Returns the threshold error deviation for outlier identification using Peirce's criterion based on Gould's methodology. This routine is heavily copied from Wikipedia

Parameters:

Name	Type	Description	Default
`n_tot`	`int`	Total number of observations.	required
`n`	`int`	Number of outliers to be removed.	required
`m`	`int`	Number of model unknowns, defaults to 1.	`1`

Returns:

Type	Description
`float`	Error threshold `R` (Ross, 2003) / Square root of `x**2` (Gould, 1955)

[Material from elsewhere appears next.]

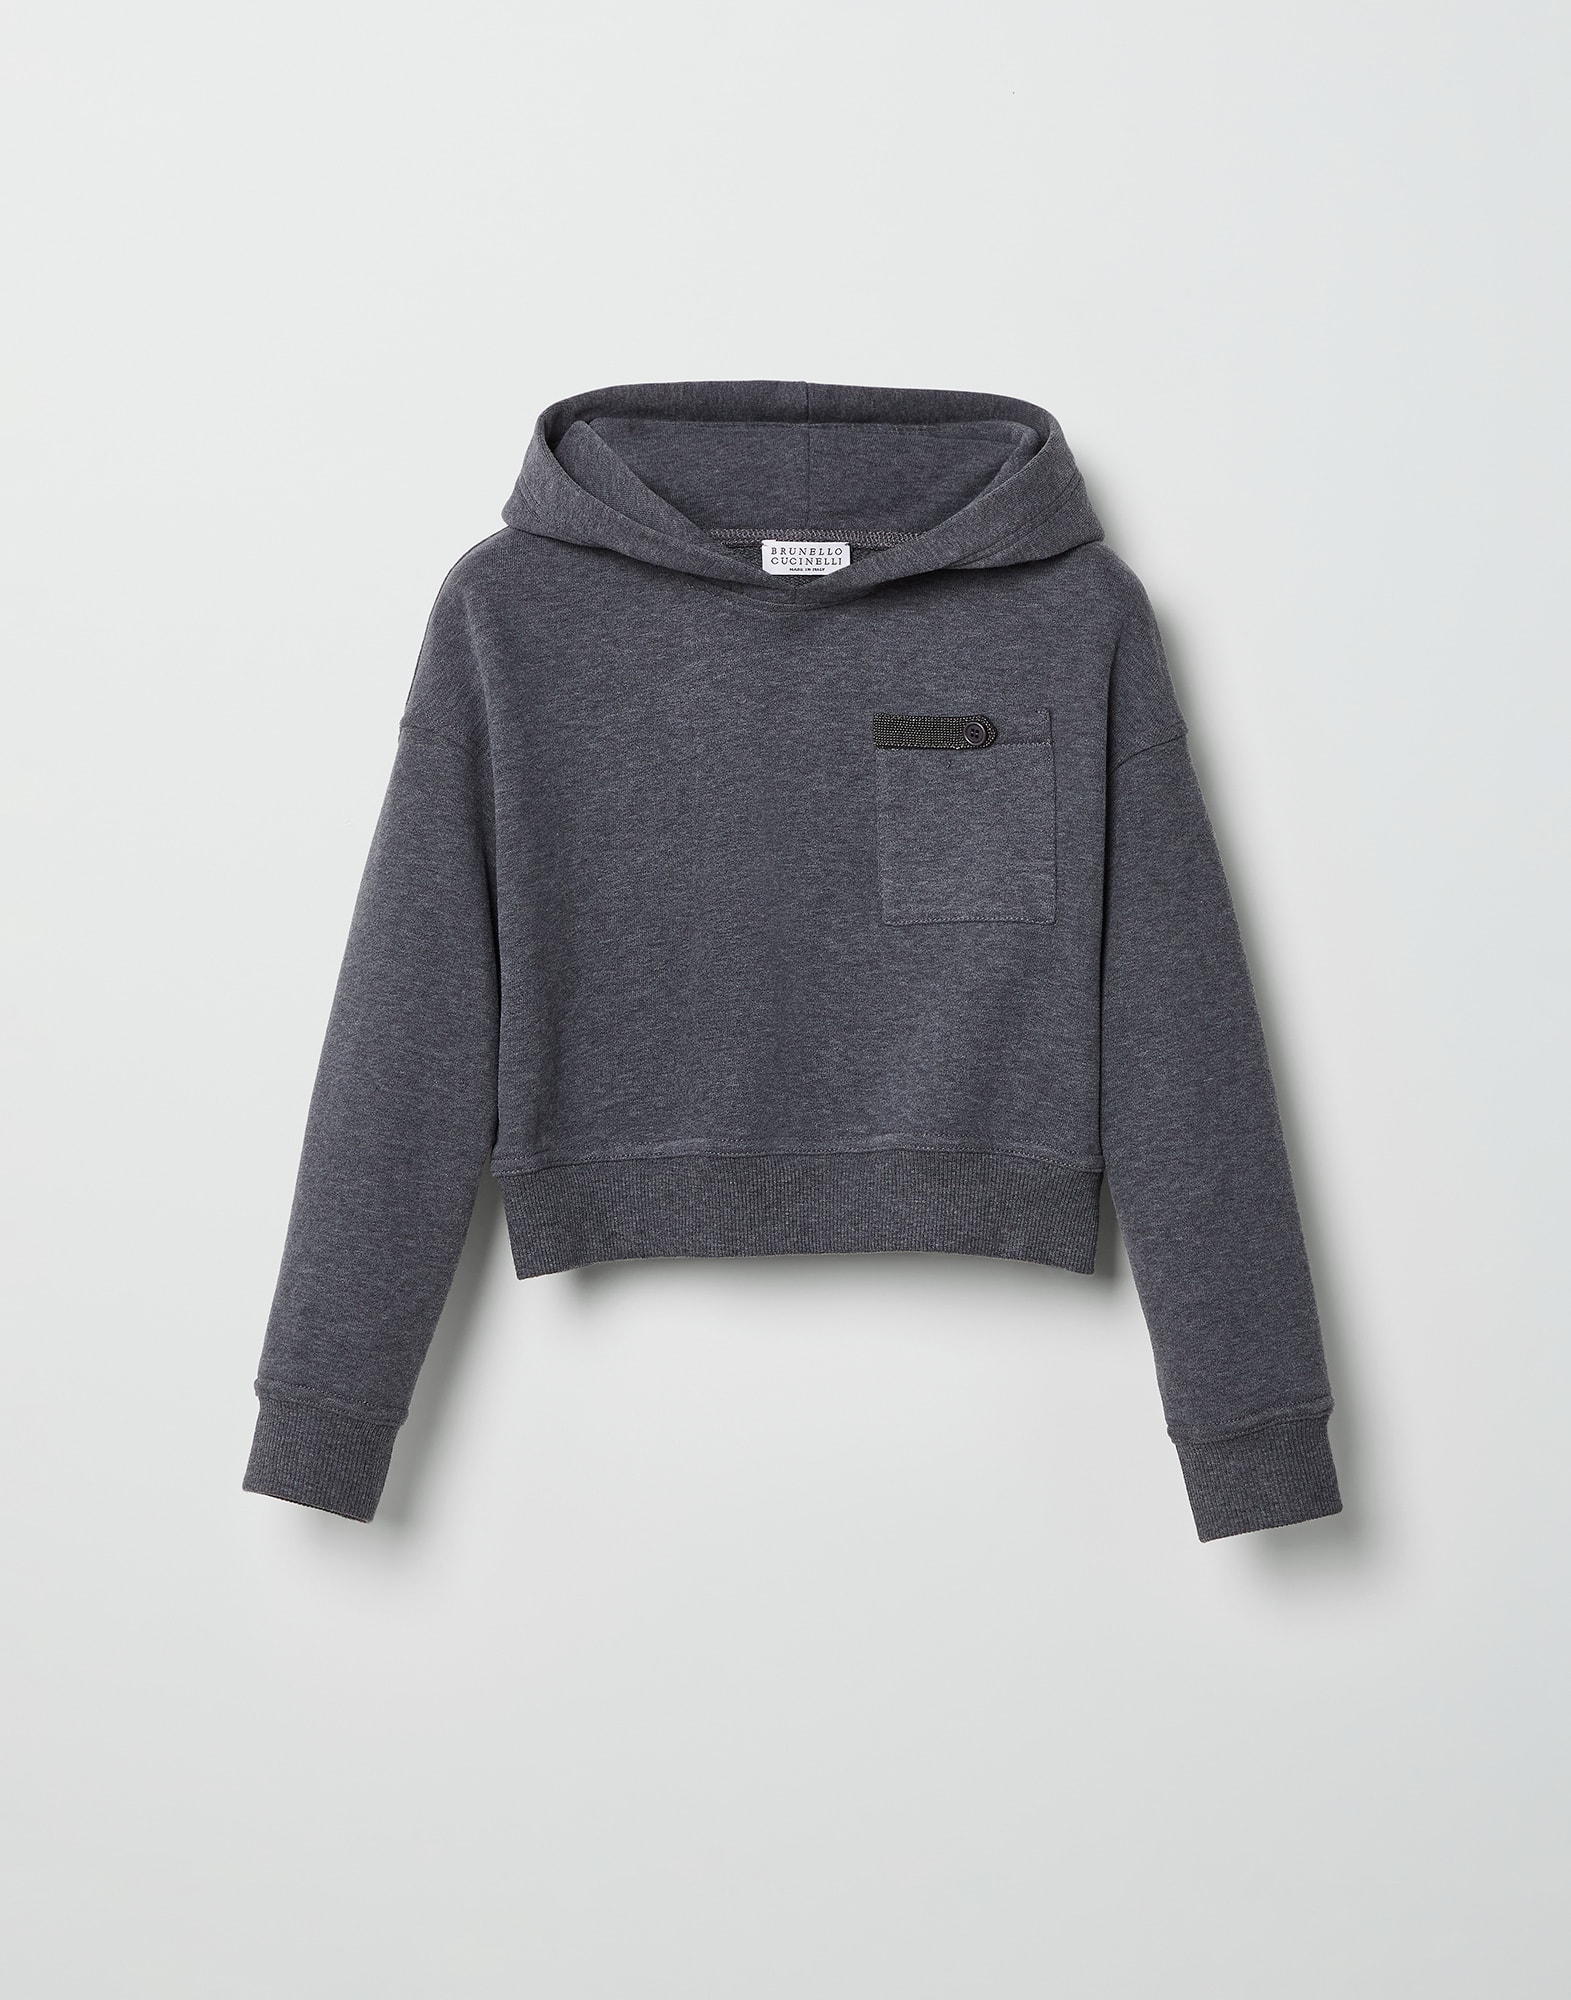 Smooth cotton French terry sweatshirt

Source code in src/rttools/peirce.py

def peirce_criterion(n_tot: int, n: int, m: int = 1) -> float:
    """Peirce's criterion

    Returns the threshold error deviation for outlier identification
    using Peirce's criterion based on Gould's methodology.
    This routine is heavily copied from Wikipedia

    :param n_tot: Total number of observations.
    :param n: Number of outliers to be removed.
    :param m: Number of model unknowns, defaults to 1.

    :return: Error threshold `R` (Ross, 2003) / Square root of `x**2` (Gould, 1955)
    """
    # Check number of observations:
    if n_tot > 1:
        # Calculate Q (Nth root of Gould's equation B):
        q_cap = (n ** (n / n_tot) * (n_tot - n) ** ((n_tot - n) / n_tot)) / n_tot

        # Initialize R values (as floats)
        r_new = 1.0
        r_old = 0.0
        #
        # Start iteration to converge on R:
        while abs(r_new - r_old) > (n_tot * 2.0e-16):
            # Calculate Lamda
            # (1/(N-n)th root of Gould's equation A'):
            ldiv = r_new**n
            if ldiv == 0:
                ldiv = 1.0e-6
            lambda_g = ((q_cap**n_tot) / (ldiv)) ** (1.0 / (n_tot - n))
            # Calculate x-squared (Gould's equation C):
            x2 = 1.0 + (n_tot - m - n) / n * (1.0 - lambda_g**2.0)
            # If x2 goes negative, return 0:
            if x2 < 0:
                x2 = 0.0
                r_old = r_new
            else:
                # Use x-squared to update R (Gould's equation D):
                r_old = r_new
                r_new = np.exp((x2 - 1) / 2.0) * special.erfc(
                    np.sqrt(x2) / np.sqrt(2.0)
                )
    else:
        x2 = 0.0
    return np.sqrt(x2)

`reject_outliers(data, m=1)`

Applies Peirce's criterion to reject outliers.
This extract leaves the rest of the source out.